The antibacterial activity of our systems was tested against Escherichia coli (E. coli) as a measure of their photodynamic character. Under the prevailing conditions, the nonionic LMI catC₆₀–DiD system did not work well as an antibacterial agent even during irradiation (Fig. S6 and S7†). It was theorized that the electrically negative character of E. coli (approximately −15 mV) prevented maximum interaction between the dyad systems and the E. coli colony (Fig. S8†). To enhance the interaction of dyad systems with E. coli, cationic lipids (2) were prepared using the aforementioned method and tested; the solution properties of these lipids, including their hydrodynamic diameter and ζ potential, are summarized in Table 1 (1, 45 mM; 2, 5 mM). Unfortunately, both the hydrodynamic diameter and the ζ potential of samples containing DiD could not be measured accurately since its absorption interfered with the DLS instrument. We addressed the morphological observation of our systems using transmission electron microscopy; the analysis revealed a spherical morphology with a lipid-bilayer. The size of our dyad systems agreed with the results of the DLS measurements (Fig. S9†). In addition, it was revealed that the diameter of LMIcatC₆₀–DiD is similar to that of the other systems. Thus, the antimicrobial activity was established based on the photodynamic character of our LMIcatC₆₀–light-harvesting antenna molecule using the cationic lipids. Initially, the minimum bactericidal concentration (MBC₉₀), which is defined as the lowest concentration of the antibacterial agent needed to destroy 90% of a particular bacterial colony in broth media, was determined.³⁶ Briefly, after co-incubation with our dyad systems for 30 min, the E. coli cells were irradiated with white light for 30 min. A 24 h incubation period then followed, after which the viability of the E. coli was estimated by measuring the optical density of the colony at 600 nm.

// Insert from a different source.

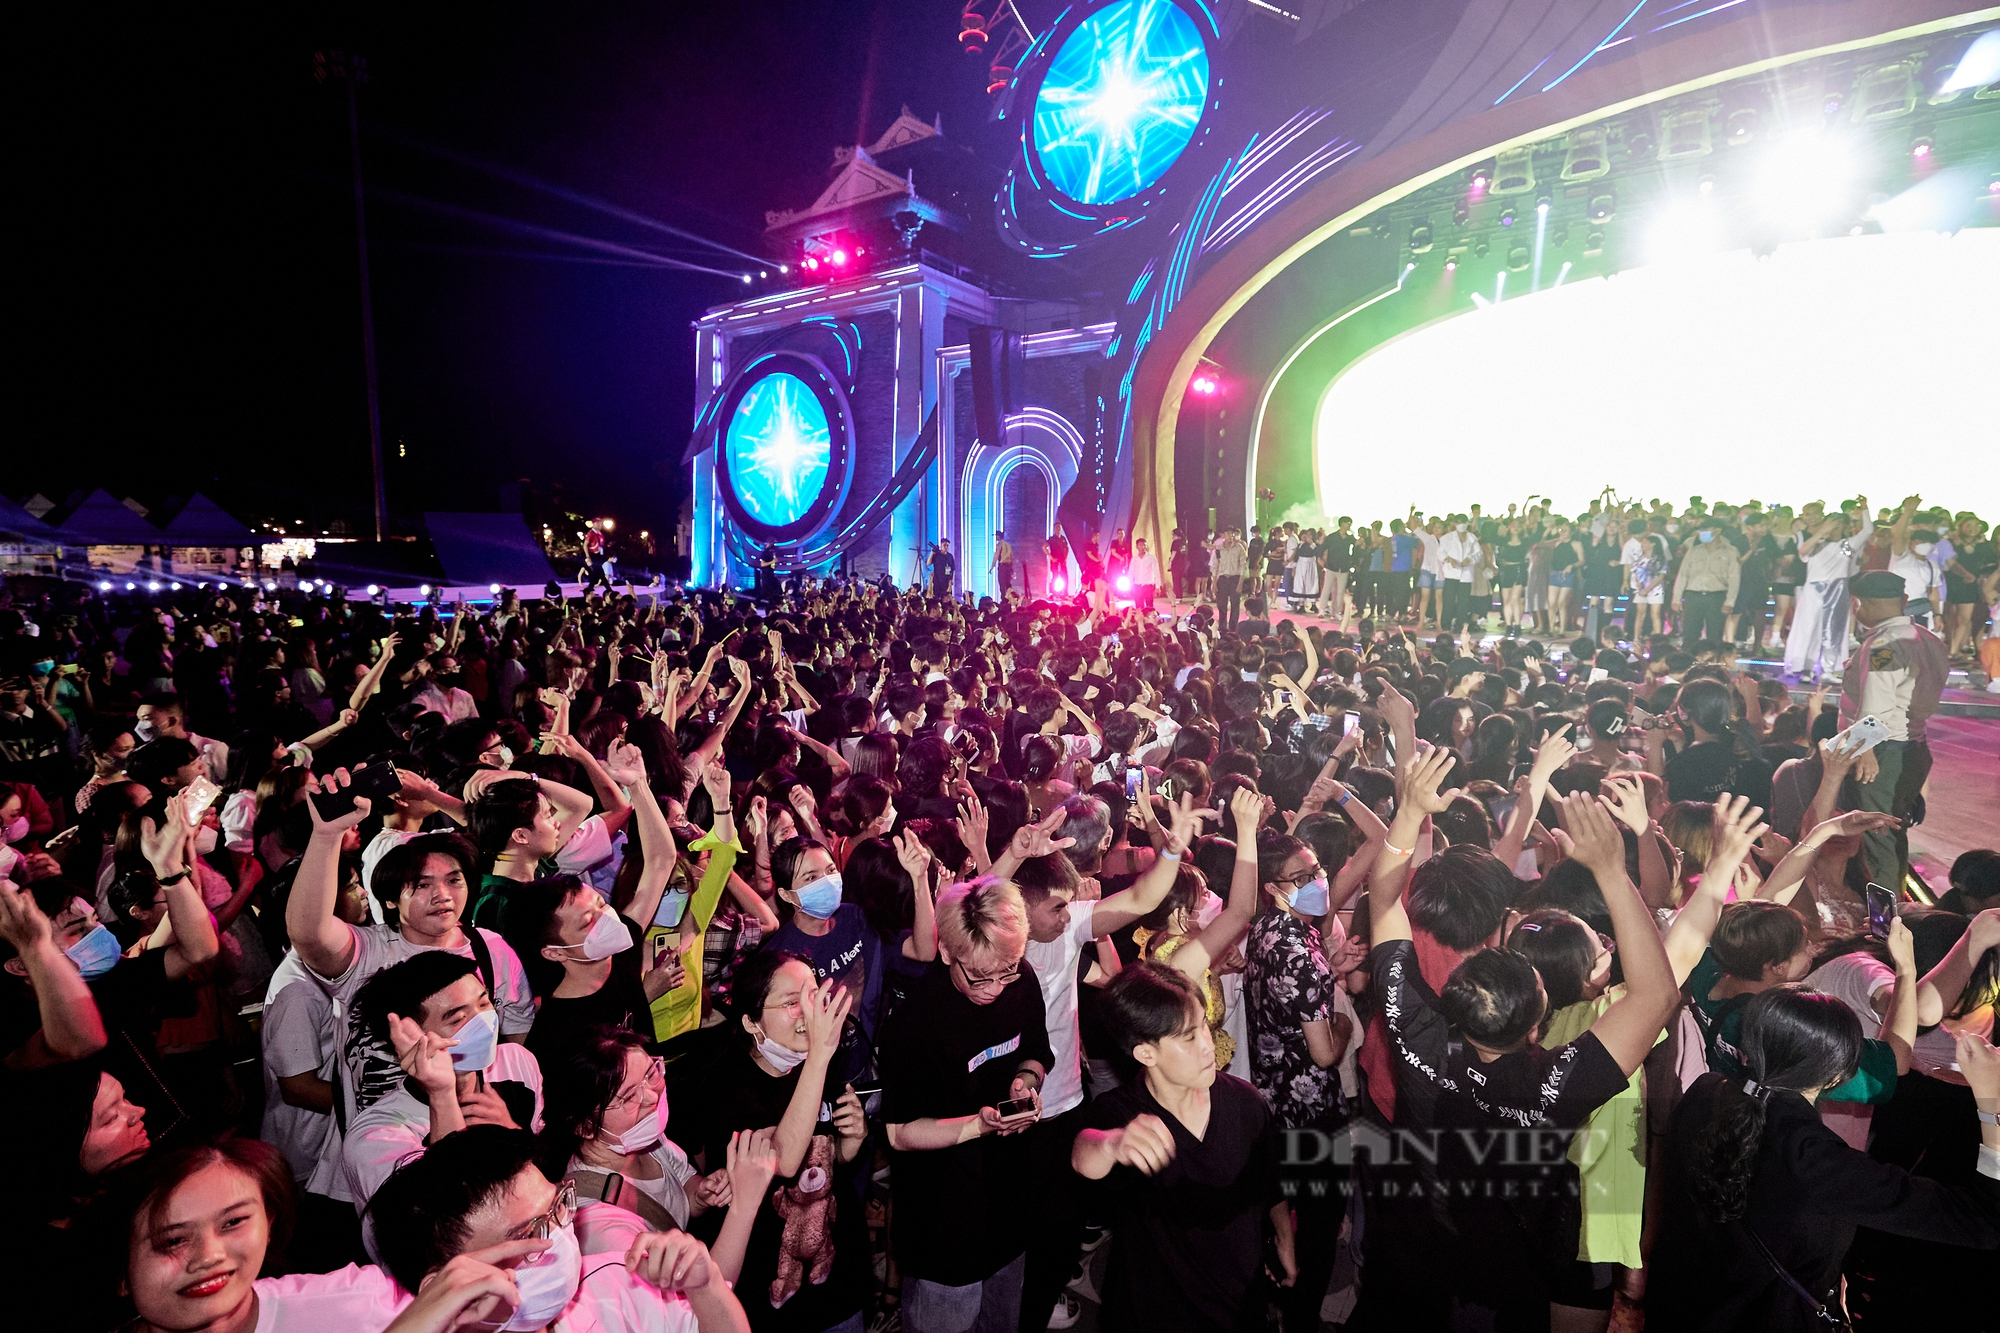 20 ngàn khán giả bùng nổ với đại nhạc hội quy mô lớn tại Đà Nẵng - Ảnh 4.

As shown in Fig. 3A, no apparent cytotoxicity against E. coli was established for the “dark” (no irradiation) conditions. In contrast, antimicrobial activities were obtained under irradiation except for the LMIcatC₆₀ systems in which the concentration of catC₆₀ was between 0 and 2.5 μM (Fig. 3B). The MBC₉₀ values for the LMIcatC₆₀–DiO, LMIcatC₆₀–DiI, LMIC₆₀–DiD, and dyad mixture were 5.1, 2.4, 3.2, and 1.2 μM, respectively (Table 1). As expected, the LMIcatC₆₀–light-harvesting molecules enhanced the antimicrobial activity of catC₆₀. Moreover, the system containing a mixture of LMIcatC₆₀–DiO, LMIcatC₆₀–DiI, and LMIcatC₆₀–DiD showed the highest antimicrobial activity, whereas the lowest antimicrobial activity was associated with the LMIcatC₆₀–DiO dyad despite its excellent ¹O₂ production capacity. The reason for this is discussed in the next paragraph. To address their availability as photoinduced antimicrobial agents, the minimal inhibitory concentration was investigated using an agar-based colony-forming assay (Fig. S10–S14†). Here similar trends in the dyads' antimicrobial profile were found (Fig. 3C and D),³⁶ namely, colony formation was drastically suppressed even at low concentrations (catC₆₀ <1.25 μM) upon exposure to LMIcatC₆₀–DiI, LMIC₆₀–DiD, and the dyad mixture with irradiation (400–800 nm). The MIC value of our systems is summarized in Table 1; here, it was noted that the antimicrobial activity of the DiO systems was quite low when compared with the other catC₆₀–photo-harvesting antenna molecule assembled systems. We hypothesized that these differences in performance were caused by variations in the extent of the interaction and the uptake of the appropriate concentrations.

Fig. 3 The antimicrobial activity of LMIcatC₆₀–light-harvesting molecules under photo irradiation. (A and B) Minimal bactericidal concentration assay of the fullerene/photo-antenna molecule–liposome hybrid system without irradiation (A) and with irradiation (B) against E. coli. The E. coli (2 × 10⁷ cfu) cells were co-incubated with the fullerene/photo-antenna molecule–liposome hybrid for 30 min, after which they were irradiated (300–740 nm) for 30 min. After a 24 h incubation period in the culture media, the survival rate was quantified by measuring the optical density at 600 nm using a microplate reader. Three independent experiments were conducted in duplicate. (C and D) Minimal inhibitory concentration assay of the fullerene/photo-antenna molecule–liposome hybrid system without irradiation (C) and with irradiation (D) against E. coli. The E. coli (4 × 10⁵ cfu) cells were co-incubated with the fullerene/photo-antenna molecule–liposome hybrid for 30 min, after which they were subjected to irradiation (300–740 nm) for 30 min. After incubation for 24 h on MHB agar gel, the survival rate was quantified. The three independent experiments were conducted in duplicate.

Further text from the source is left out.